The Point

Fintech Makes Any Day Payday for Cash-Strapped Consumers


Aug  23 
Fiserv Corporate Communications   

Waiting for your paycheck is so 2010. A wave of fintech companies is changing the traditional pay cycle, allowing people to tap into money earned before the next payday. It's another example of how money management and movement are transforming, driven by advances in technology, a shifting economy and changing consumer expectations.

How people get paid is changing in step with changes in how many people work. As part of the gig economy, independent workers connect directly to customers through platforms like Uber, Airbnb and Etsy. A growing number of people earn money from other short-term engagements, freelance work and on-demand roles. No matter the job, including traditional employment, workers crave greater flexibility and fewer constraints than ever before.

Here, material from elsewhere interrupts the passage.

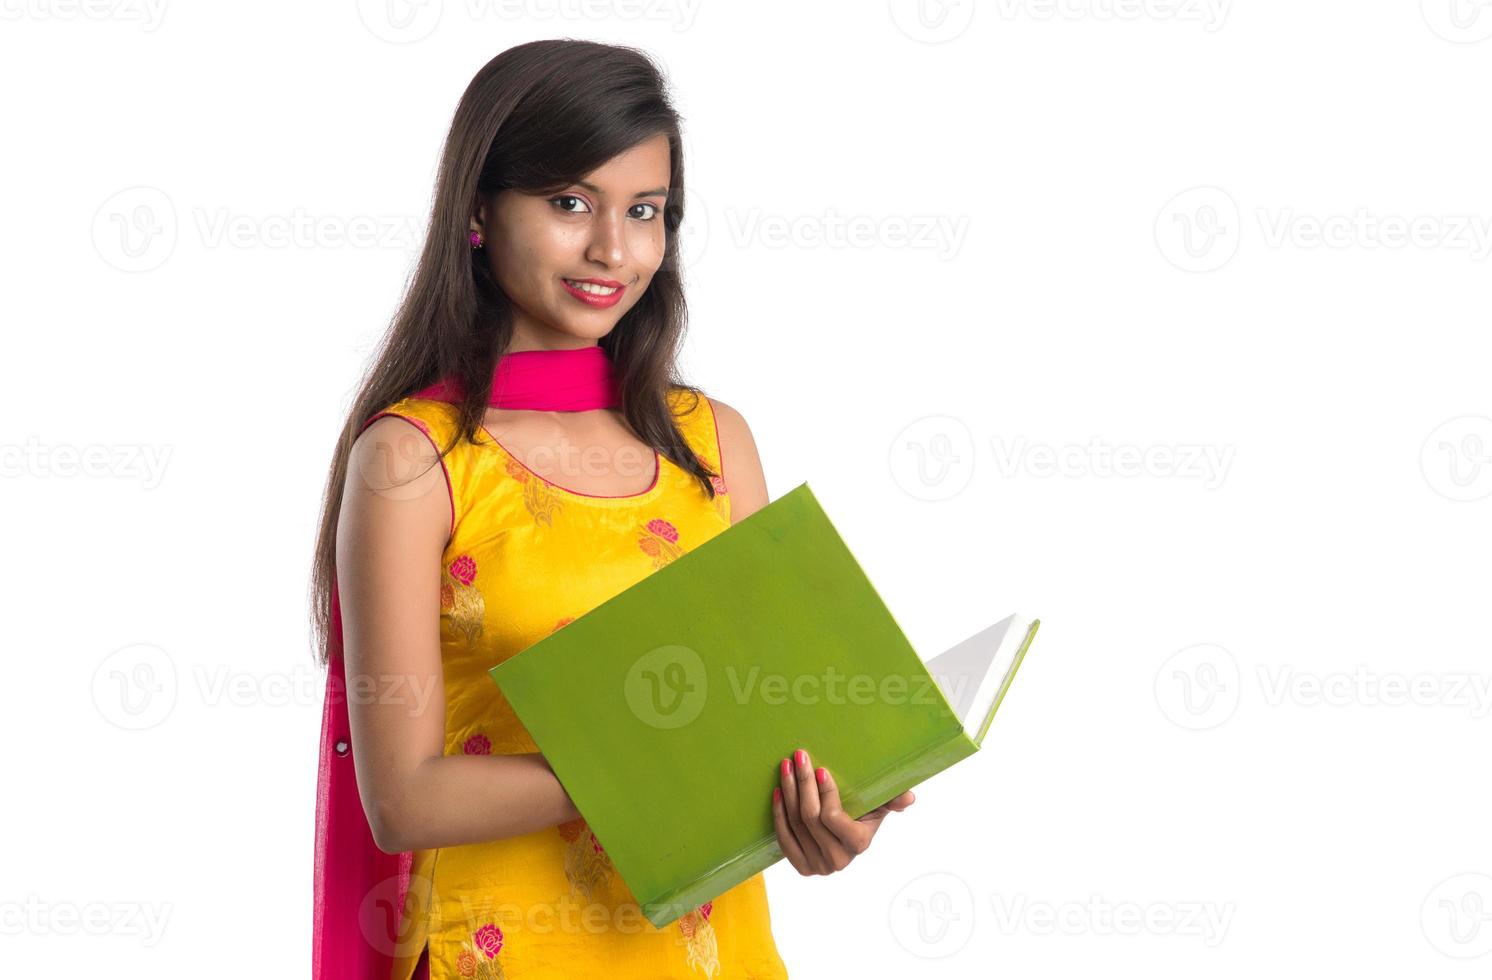 mooi jong meisje boek te houden en poseren op een witte achtergrond foto

And many of them need it. While nearly two-thirds of Americans are paid biweekly, sometimes waiting for the next paycheck is problematic, whatever a person's income. Half of millennials (and 38 percent of all consumers) say it would be difficult or even impossible for them to pay back a loan of $500 right now, according to recent Fiserv research.

All that matters for us are the workers, ensuring they're paid what they've earned ...As people search for immediate access to earned wages, many can now turn to fintech companies like Payfare, DailyPay, Instant Financial and Earnin, which offer direct-to-consumer solutions or work as services from employers. Earnin allows anyone with a job and a bank account to get paid the minute they leave work. From the smartphone app, an earner snaps a photo of an electronic timesheet and Earnin deposits the earnings in the person's bank account. Instead of fees or interest, users are asked to tip what they think is fair and share the app with their friends and family. Workers at more than 50,000 companies, including Apple, Starbucks and Home Depot, have used Earnin, all without a direct partnership.

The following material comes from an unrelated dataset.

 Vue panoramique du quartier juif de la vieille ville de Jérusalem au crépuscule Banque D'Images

As part of an ongoing series of fintech profiles, we spoke with Ram Palaniappan, CEO of Earnin, to understand the factors driving the changing payday and why a weeks-long pay gap is difficult for many workers in today's economy.

According to Palaniappan, more than $1 trillion in earnings is locked away in the traditional pay cycle. Like similar providers, Earnin provides access to those funds, which helps workers worry less about finances and focus more on performing their best.

How and why is Earnin adapting the pay cycle?

Not much has changed in the way Americans are traditionally paid; for more than a century, the biweekly pay cycle has dominated the American workplace. What has changed is lagging wage growth, a higher cost of living and cumbersome student loans.

In a recent wage analysis, Earnin found that Americans who are paid biweekly are 50 percent more likely to use Earnin than workers who are paid weekly. That's despite the fact that workers paid biweekly – the most common pay cycle – have a higher average income. The budgeting flexibility afforded to those paid once a week allows them to overcome unexpected financial shocks better than those trapped in a longer cycle. Nearly 80 percent of Americans live paycheck to paycheck and few people have an emergency fund to cover unbudgeted expenses. That contributes to billions in overdraft and late fees – costs that could be easily avoided with access to their already earned wages.

What are the market trends influencing how people want to get paid?

Technology is opening up countless opportunities by improving the speed and quality of our banking infrastructure, but the financial system doesn't work well for everyone. We see consumers who are tired of onerous fees, inconvenient access and limited options. The growing investment in fintech has led to some wonderful new initiatives around payroll, and same-day and real-time disbursements are not that far off from a technical standpoint.

Americans who are paid biweekly are 50 percent more likely to use Earnin than workers who are paid weekly. That's despite the fact that workers paid biweekly – the most common pay cycle – have a higher average income.

Flexibility of pay is important today because it has been overlooked for so long. Solutions may have been more inconvenient in the past, but giving access to wages has always been the right thing to do for employees, even if seldom practiced. With the introduction of digital solutions like Earnin, there's no excuse for Americans not to take advantage of the flexibility technology provides.

What about growth in the gig economy?

The gig economy ushered in a drastic change in how we perceive employment, challenging the American culture of work in both positive and negative ways. For some, it's an opportunity to pursue the type of work that brings them joy, using technology to connect with partners across the globe. For others, it's become the harbinger of an underappreciated workforce.

Was it important for you to develop a solution that provides a degree of financial stability and control to people who sometimes can't wait for a longer payment cycle?

That's what drives us. The current financial system is set up in a way that is unbalanced, having a harder impact on those with limited resources. It's our goal to help our customers avoid financial shocks and falling into a debt cycle that could have long-lasting effects.

All that matters for us are the workers, ensuring they're paid what they've earned – however it was earned – as quickly as possible.